As cybersecurity continues to become a key focus in many different organizations, the role of governance within this field is also expanding. Governance ensures that the entire company remains compliant with relevant government and industry standards. Proper governance is also fundamental to creating and monitoring risk management plans.
By combining the need for cybersecurity with appropriate rules, processes, and practices, your company will be able to develop and maintain a secure data environment. Indeed, data security requires the involvement of all stakeholders. When senior executives, employees, investors, and vendors are all on board, you’ll be able to establish internal controls that reduce the risk of data breaches.
How corporate governance applies to cybersecurity
In most governance models, senior management is responsible for setting policies, reviewing risks, and establishing goals that the entire organization should aim towards. Governance also applies to monitor how effective your internal controls are during any given moment.
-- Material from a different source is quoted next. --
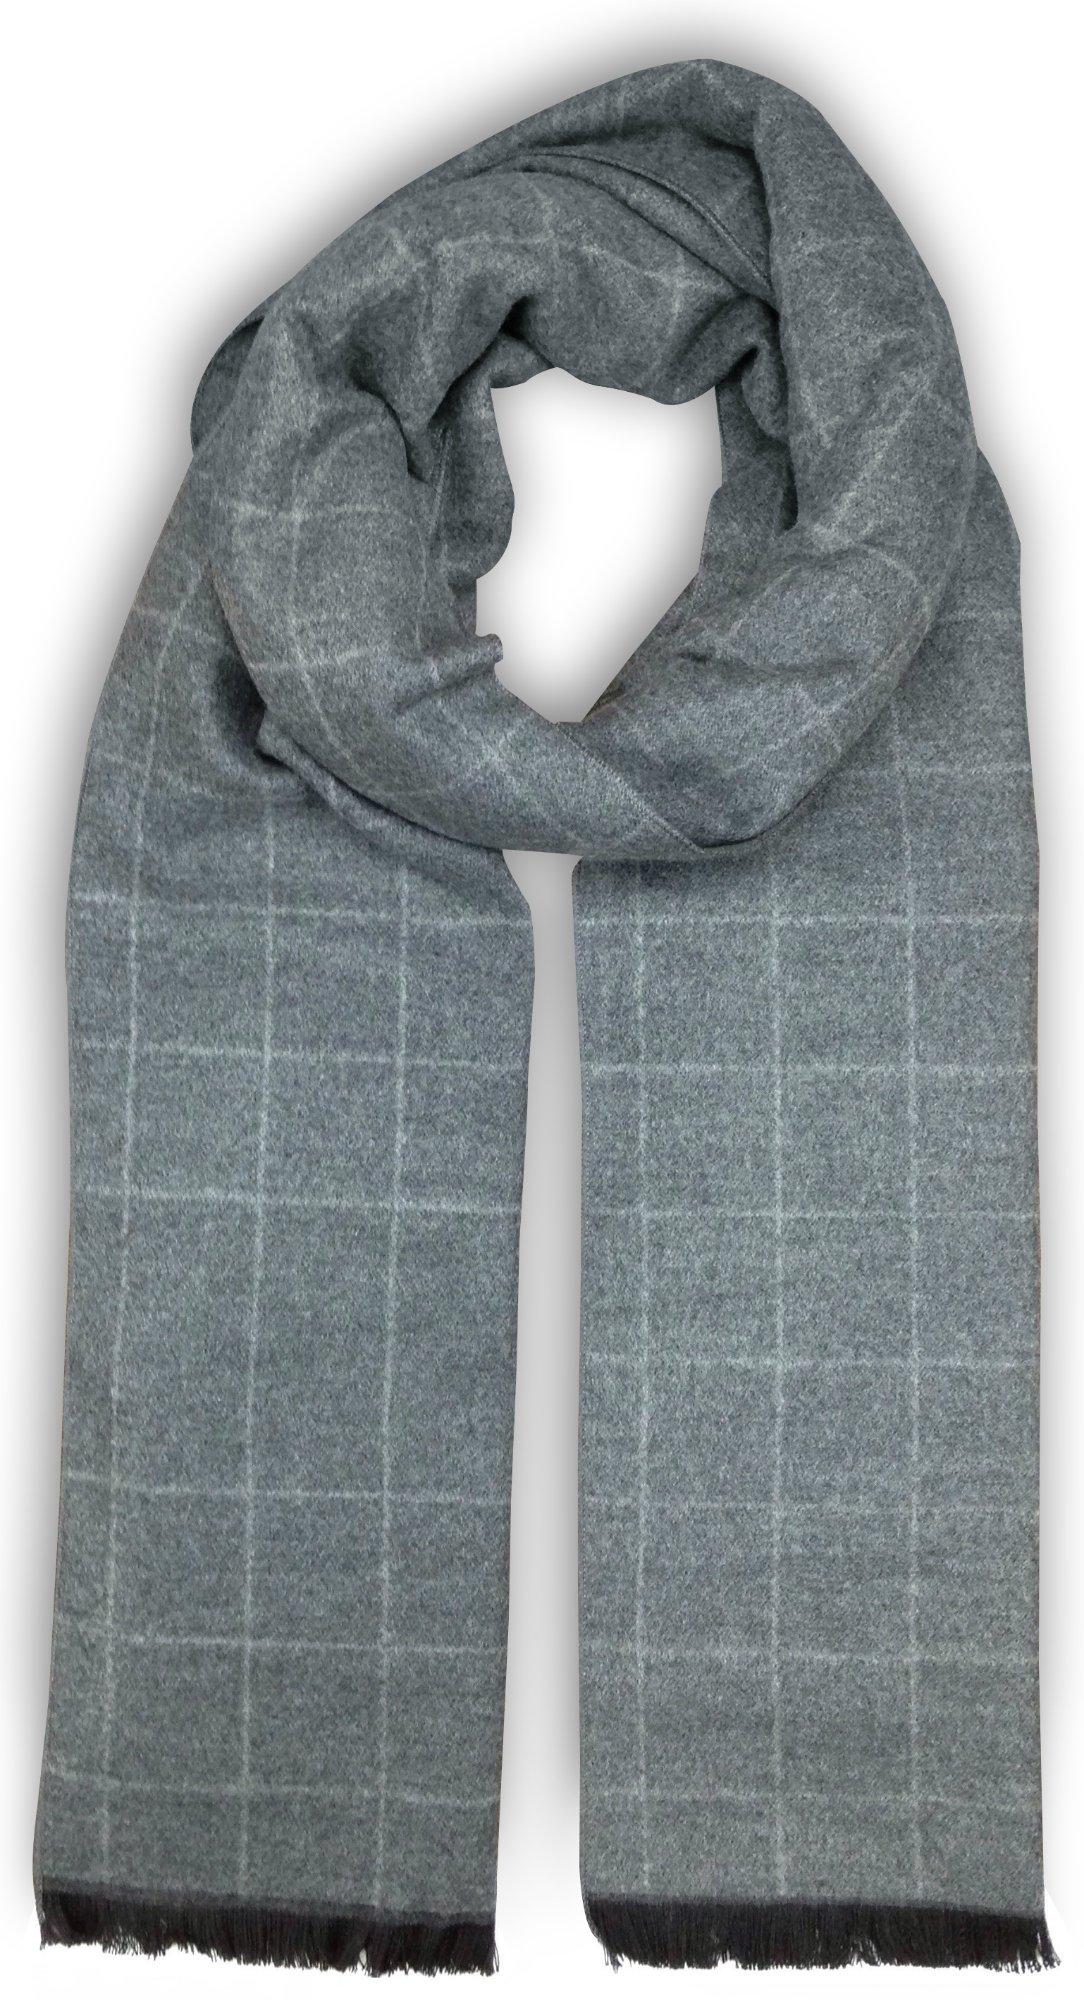 Bleu Nero Luxurious Winter Scarf for Men and Women – Large Selection of Unique Design Scarves – Super Soft Premium Cashmere Feel Grey Light-Grey Grid

Governance intersects with cybersecurity when it comes to the involvement of senior management. In the past, cybersecurity was mostly a departmental function. However, as cybersecurity continues to become a top concern that spans across the entire business, there has been a shift in corporate governance models within this field. Senior-level executives now need to understand the fundamental principles that apply to data security.
For example, they need to be aware of the risks that are associated with daily business operations. Also, they should understand how internal controls apply to various data security risks with the goal of improving the risk environment of their company.
Cybersecurity and auditing: where they intersect
The government and industry regulators are introducing new cybersecurity policies regularly. To remain compliant, your company’s audit committee needs to have a basic knowledge of data security requirements. This information will help them communicate appropriately with the Board of Directors.
Developing fundamental cybersecurity knowledge takes time and expertise, which is why the audit team should include personnel from the IT department when preparing relevant audit tasks.
How to incorporate cybersecurity into the audit process
For your business to remain compliant with relevant cybersecurity requirements, it needs to establish an audit plan that specifically handles data security. This audit plan will serve as the guiding principle for ensuring that your company meets and maintains all established regulations.
Your company’s audit plan should also consider modern tools and processes such as Infrastructure-as-a-Service (IaaS), Software-as-a-Service (SaaS), and Platform-as-a-Service (PaaS). In this way, auditors can address any appropriate internal controls that help mitigate the risk of data breaches.
You may be wondering which specific steps will help you prepare an effective audit plan for cybersecurity. Here are 4 fundamental steps that you shouldn’t forget to include in the overall process.
1. Practice proper timing
Auditing is all about proper timing. This is because an audit is typically carried out during a specific period, and it assesses the current state of your cybersecurity framework. Your internal audits should be a continuous process that begins with analyzing any previous ones that were carried out.
Indeed, your previous audits will set the scope and action plan for any future activities that should be carried out. Correctly timing your audits will also enable you to begin on the right foot when planning for cybersecurity oversight.
2. Proper risk assessment
Risk assessment is a fundamental component of your cyber security audit plan. This is because the audit should provide an accurate overview of your risk environment, along with a risk tolerance overview.
Your risk tolerance should incorporate the following elements:
- The potential of a data breach
- The cost to sustain if a breach were to occur
The purpose of a risk assessment is to prioritize the highest risk in order to determine an appropriate scope for your audit plan.
3. Establishing a compliance committee
You should also set up a compliance committee that will work closely with relevant internal stakeholders to implement various controls. In essence, your compliance committee should be responsible for keeping the company aligned with all associated standards and regulations. The committee will provide oversight and updates with regards to all controls that your company has established.
4. The role of internal auditors in cybersecurity governance
Internal auditors work to support your entire audit plan. They independently verify whether your cybersecurity program meets industry and regulatory standards. First, your internal auditors will review documentation that impacts your compliance program, after which they will test your internal controls. Finally, they will check how your compliance and audit committees communicate as part of your governance framework.
The purpose of this final step is to ensure that the audit committee is communicating all relevant information to the Board and other associated stakeholders.
Auditing cybersecurity governance is critical to your overall data security environment. This is why maintaining a proper trail of communication, documents, and activities will help your auditors in overseeing how governance is being applied to cybersecurity practices.